Marco Piccardo, a Técnico professor and INESC MN researcher will receive a European Research Council (ERC) Starting Grant, securing 1.5 million euros to develop the innovative project metaPOWER: “Space-Time and Vectorial Meta-Optics for High-Power Structured Laser-Matter Interactions”. Over the next five years, the team led by Marco Piccardo will spearhead this project, which aims to revolutionise the field of high-power laser-plasma interactions.
High-power lasers, operating at terawatt or petawatt levels, are essential for the creation and control of plasma – an extreme state of matter – central to numerous advanced applications such as fusion energy and particle acceleration.

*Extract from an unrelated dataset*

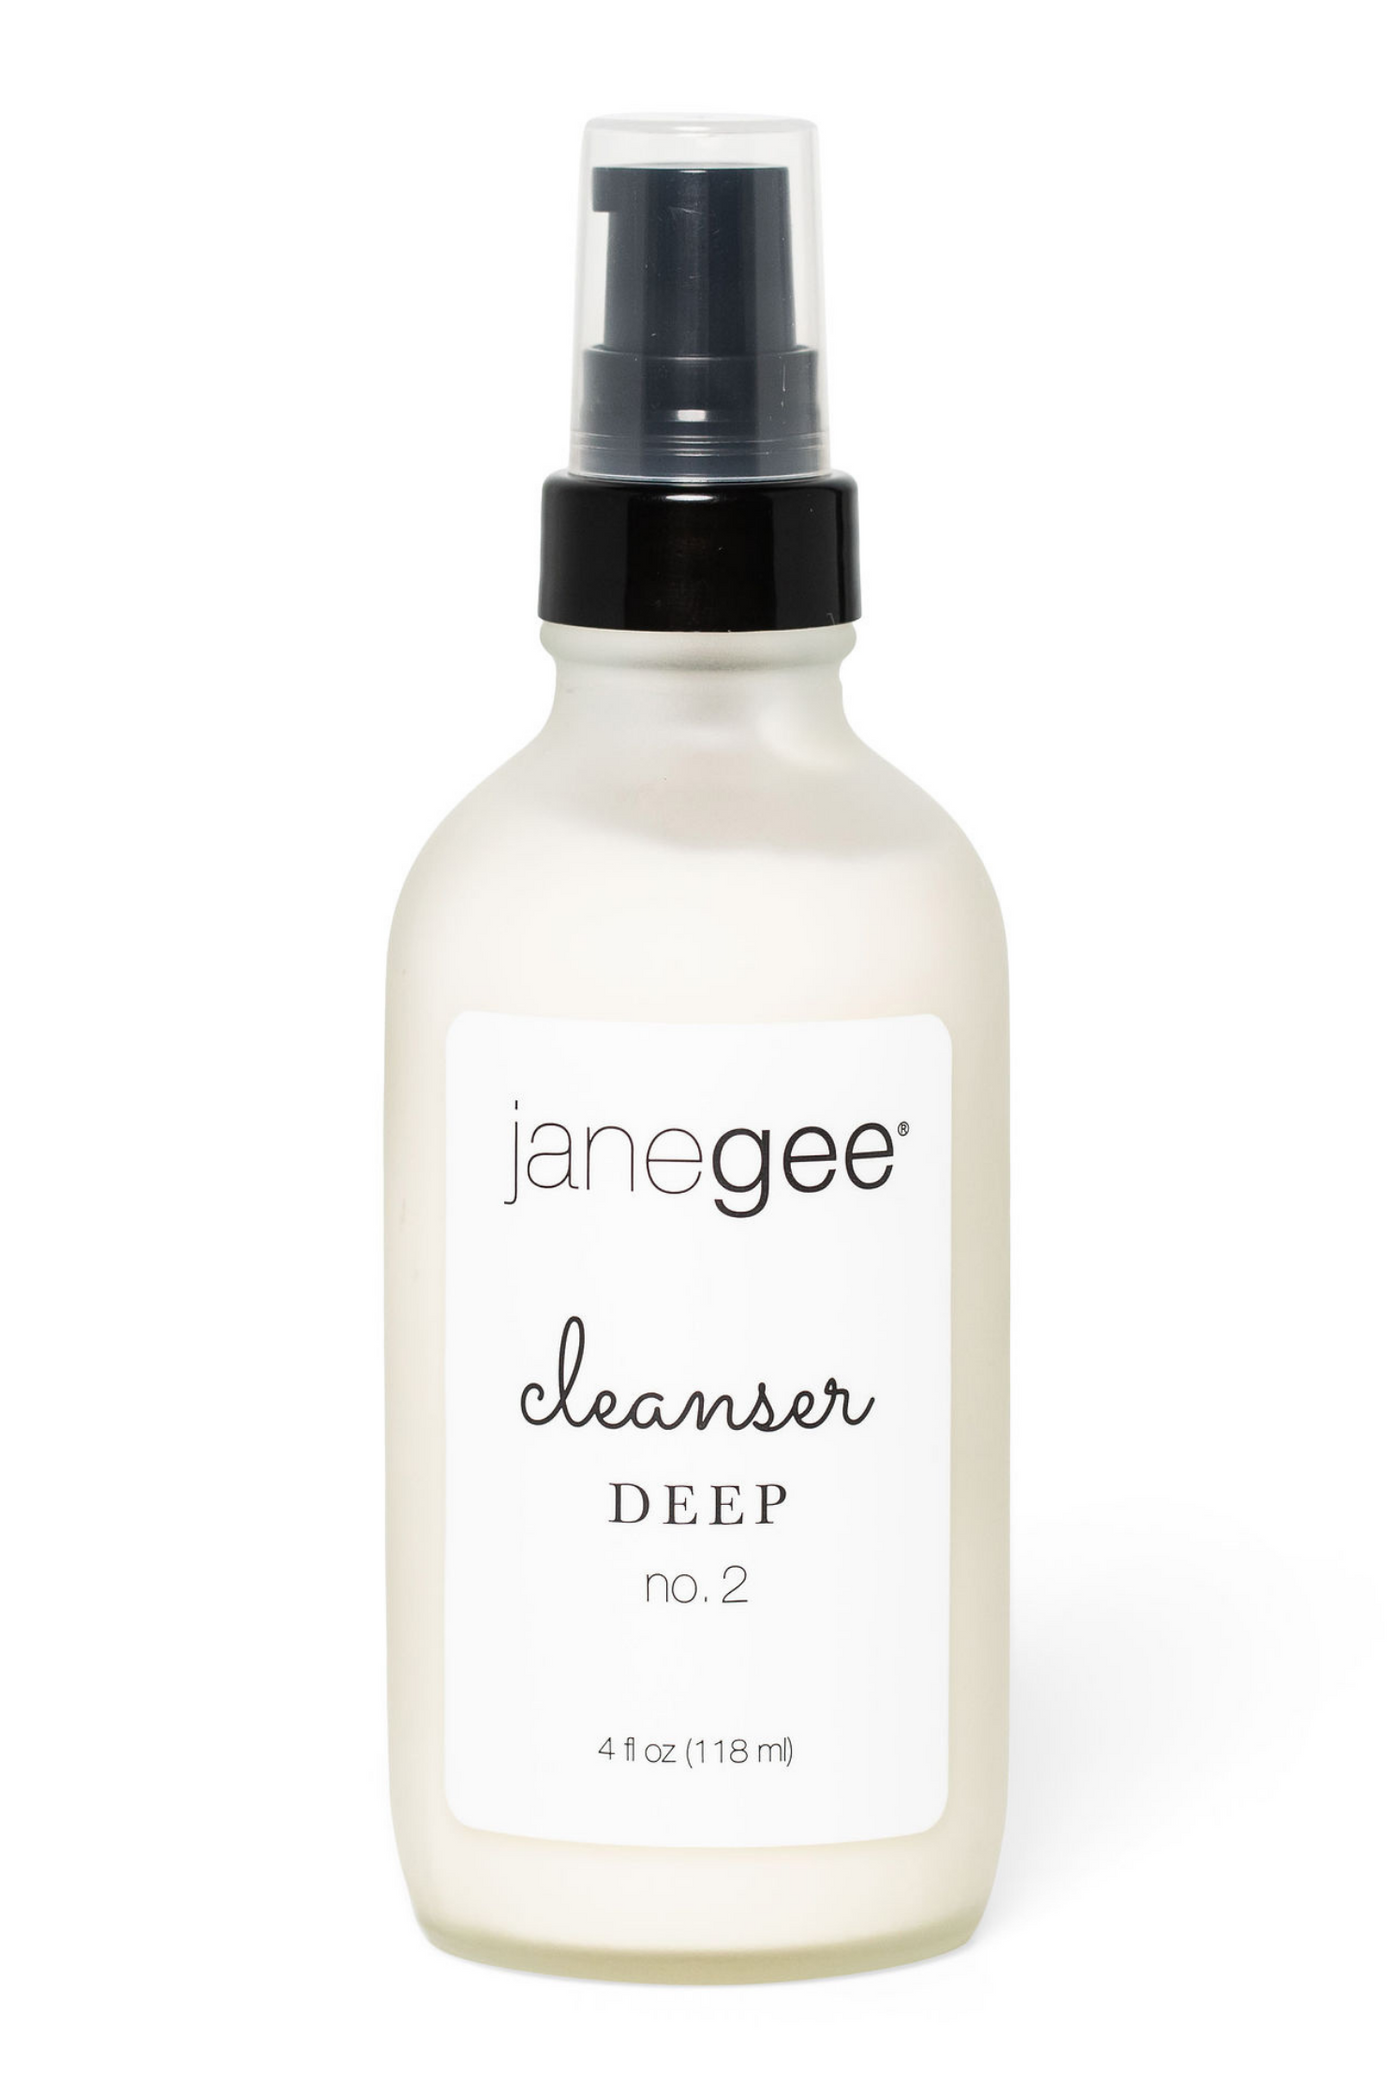 janegee Deep Cleanser No.2

A significant challenge in Plasma Science and Engineering is the need for advanced beam control at these high-power levels. Project metaPOWER addresses this challenge by developing high-damage-threshold metasurfaces, a cutting-edge nanotechnology in structured light, for high-power lasers. “We will mold plasma using structured lasers as our sculpting tools, unlocking an unprecedented control over laser-plasma interactions and enabling new possibilities in fusion energy, particle acceleration, and radiation sources”, he explains.
“When joining Técnico and INESC MN around one year ago, I had the dream of unifying metasurfaces and plasma physics to open an entirely new direction in the field”, shares the researcher. This ERC grant will allow “to leverage the cleanroom capabilities of INESC MN and the expertise of researchers at GoLP (Group of Lasers and Plasmas at the Institute for Plasmas and Nuclear Fusion – IPFN) with which we aim to achieve a paradigm shift in structured laser-matter interactions”, he adds.
Marco Piccardo is also a Visiting Professor at Harvard University and has received several awards, including recent recognition as a Young Scientist by the Portuguese National Academy of Sciences, which he obtained during his first year of faculty appointment in Portugal.
In January 2024, Piccardo co-authored an article on photonics in Nature. The previous year, the researcher led a team of researchers who discovered a new family of spatiotemporal light beams, whose result was published in Nature Photonics.
André Martins received an ERC Consolidator Grant in 2023, in the field of artificial intelligence. In 2022, Vitor Cardoso won his third ERC Grant to study black holes, and Frederico Fiuza returned to Técnico to develop XPACE with funding from the European Research Council. In 2016 Patrícia Gonçalves received an ERC Starting Grant for her work on hydrodynamic limits and equilibrium fluctuations.